Since I’ve been researching ADHD and Executive Function Disorder (EFD), I’ve learned a lot about the signs and symptoms of each, and I know that at least with ADHD, it’s much easier to be overwhelmed with or by strong emotions (link is a slide show, but it’s not annoying like the click-bait ones), and have your actual brainpower hijacked by said strong emotions. I’m usually pretty good at regulating, but when I am bombarded by stress from several angles at once, the regulation goes a bit haywire, and — to use a Star Trek reference — I have to make the decision whether to take power from the engines (barely running on impulse control) to run the shields, or drop some defenses and less-important functions in order to keep the engines running and maintain life support.

For example, in the struggle to try to stay positive and on task — or even start a task — I feel like I’ve lost the ability to speak in a coherent manner, or I’ve lost whatever tenuous control I had over my ability to concentrate long enough to remember what it is I’m doing and why I’m doing it. If I do manage verbal coherency, I feel tension in my chest, and laughing — even genuine laughter; I don’t usually fake it — feels painful. The loss of concentration is like staring at a shelf in the grocery store (something I did today) and knowing there is something there you need to find, but the memory of it keeps sliding out of your head as you become overstimulated by all the labels and things around you. You can even stare at your list and hope you can concentrate long enough to find one of the things on it that should be in front of you, and suddenly all your energy is directed at this one thing, and you walk out of the grocery store utterly exhausted after having only bought maybe ten things…

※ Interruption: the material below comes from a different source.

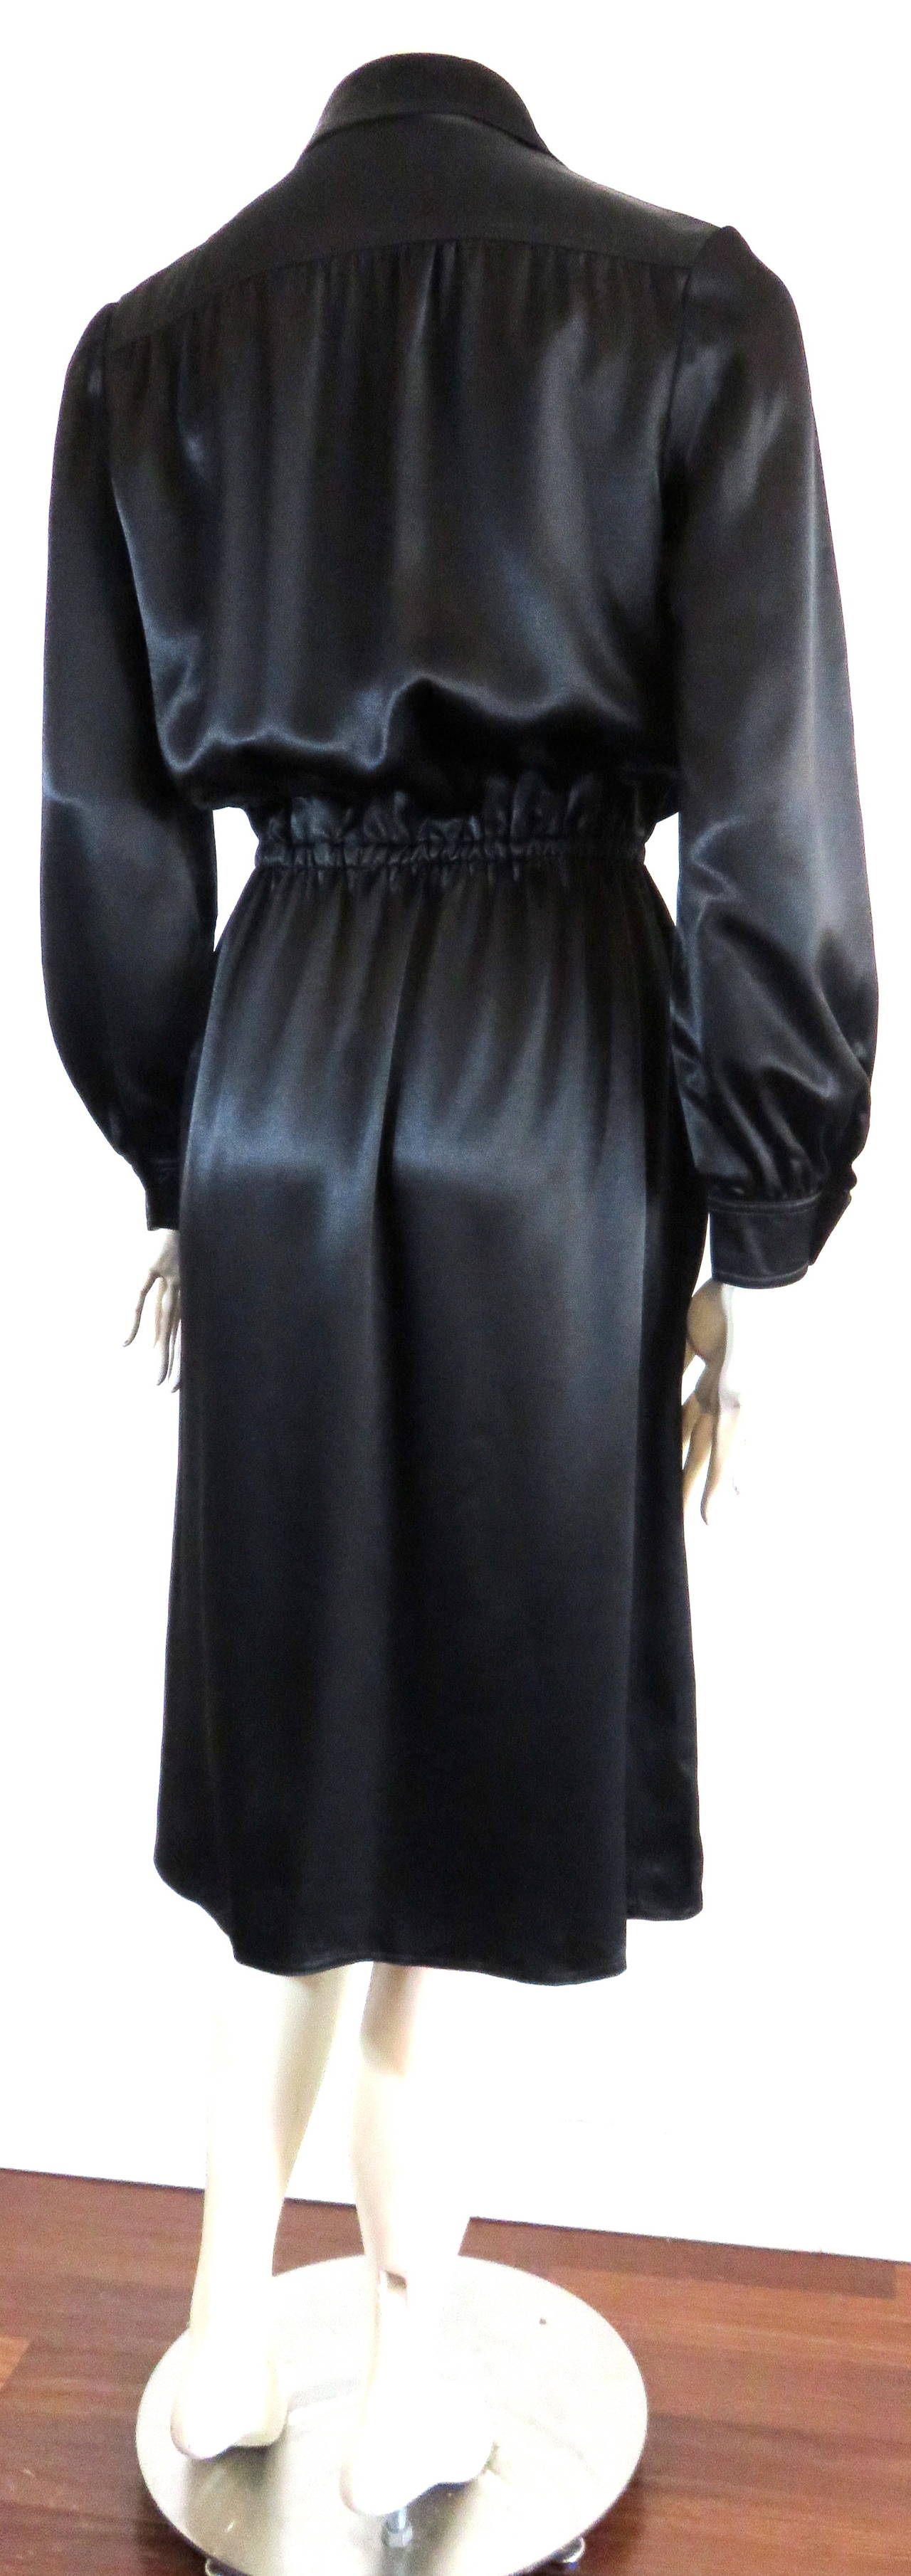 1970's ALBERT CAPRARO Crystal zipper dress never worn 2

I get angry, too, but lately I feel like sadness has kind of overwhelmed the anger, especially when it comes to our friend dying in the hospital. I want to be sad, but I’m also kind of angry with him. But I can’t stay angry, or even grieve for him right now. I’m just…depressed. Depressed with a side of tension. I think I’m sad for my husband, too, who was closer to our friend than I was, and has been spending the most time with him and his family. I have no problem with being emotionally supportive, but I hadn’t realized how much of it I’ve been taking on, myself, until this weekend.

I have things I have to do this week: commitments to fulfill, kids and pets to take care of, cleaning and shopping to do, a big Symphony gala to make it through next Saturday. I’m not so depressed that I’m completely nonfunctional, but there are other daily things I’m letting slip by, because managing to do the caretaking and socializing that needs to be done takes all the brainpower I have. I feel like I’m moving through molasses — like there is not enough caffeine in this world to wake me up all day. Crazy weather changes and allergies are not helping with that, either. Ugh.

But this, too, shall pass. Times of refreshing will come. And I have The Legend of Zelda, Breath of the Wild to help me escape once in awhile. I’m trying to use it as a reward for getting important things done this week, and I have sort of managed to keep from letting it be too much of a draw on days I have a lot to accomplish and no time to play.

Anyway, that’s what’s up with me right now. I have more developments in the saga of my stupid eyes that I need to finish documenting for your entertainment. Even if it’s tedious and annoying, it’s more fun than this.